* [Task] Transcribe all of the data exactly. Images stay out.

* [Exercise data]
◇ ◇ ◇ ◇

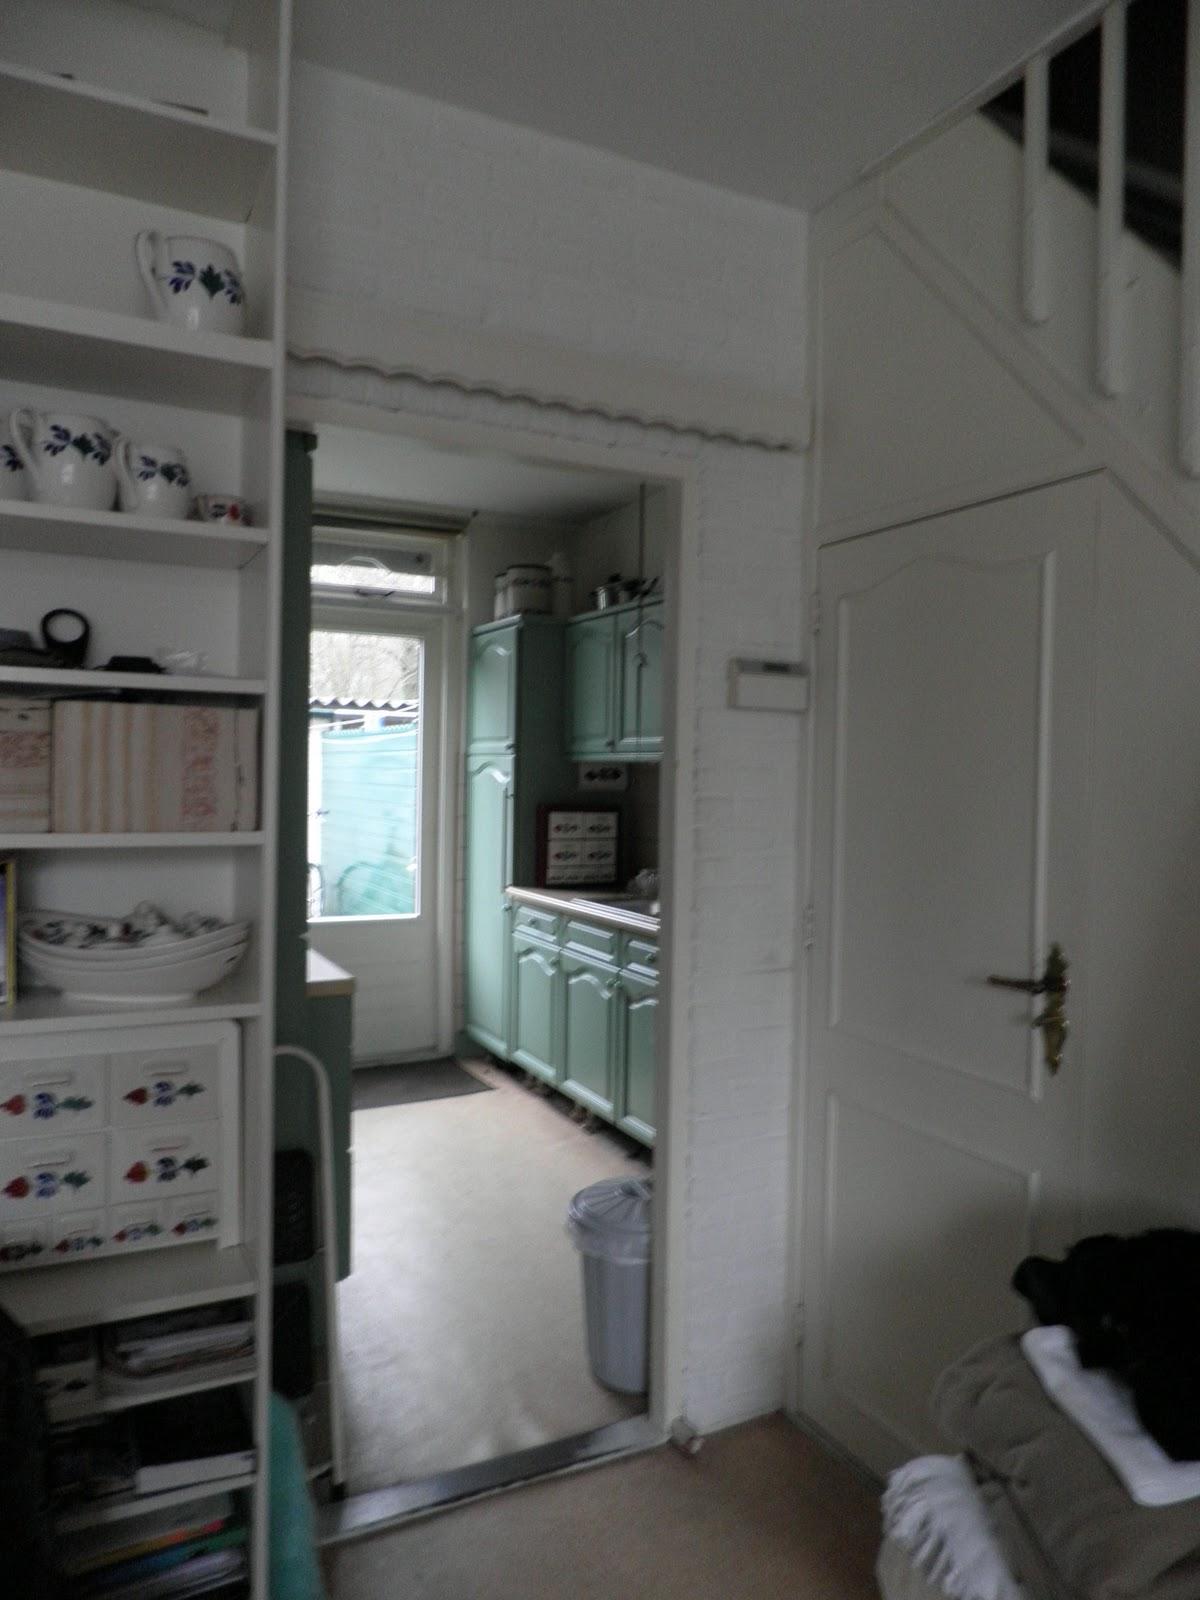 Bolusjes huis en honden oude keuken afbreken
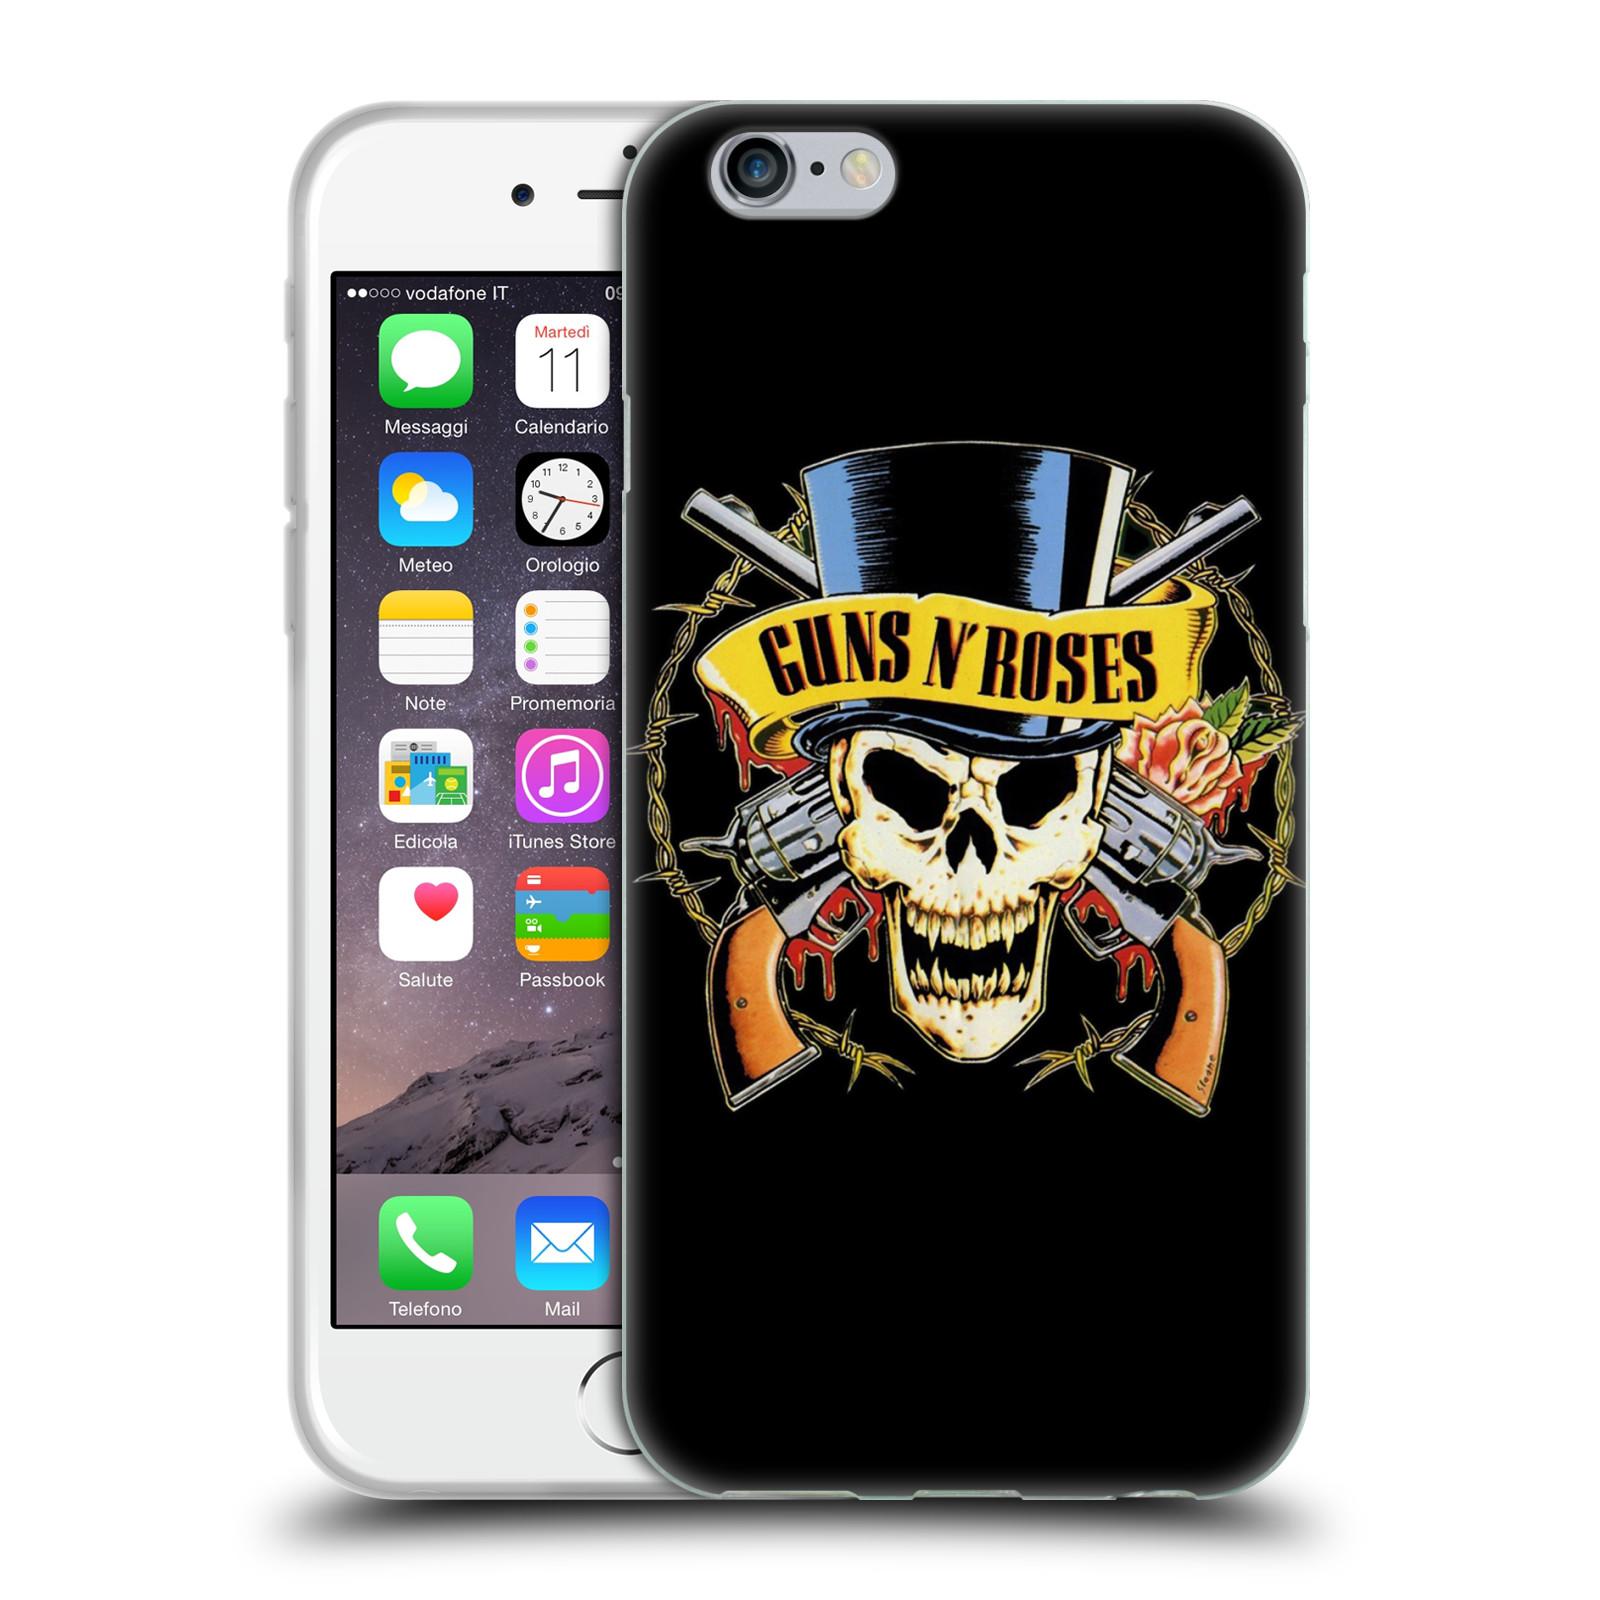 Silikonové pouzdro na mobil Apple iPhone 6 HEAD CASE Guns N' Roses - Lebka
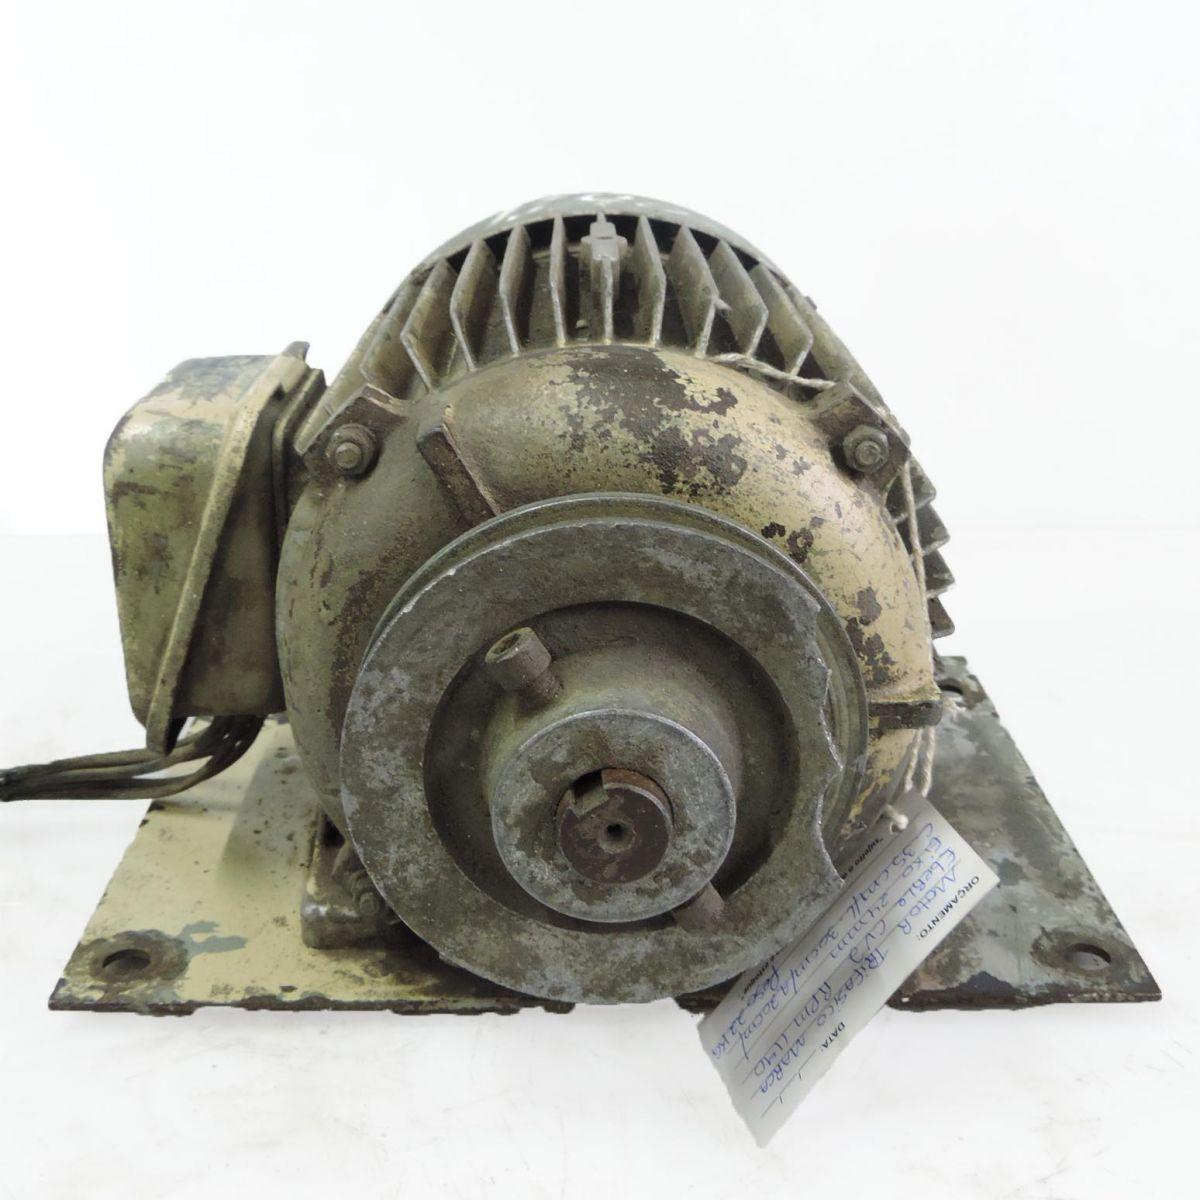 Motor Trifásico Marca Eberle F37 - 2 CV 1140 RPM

◇ ◇ ◇ ◇

* [Task output]
 Bolusjes huis en honden oude keuken afbreken
 Silikonové pouzdro na mobil Apple iPhone 6 HEAD CASE Guns N' Roses - Lebka
 Motor Trifásico Marca Eberle F37 - 2 CV 1140 RPM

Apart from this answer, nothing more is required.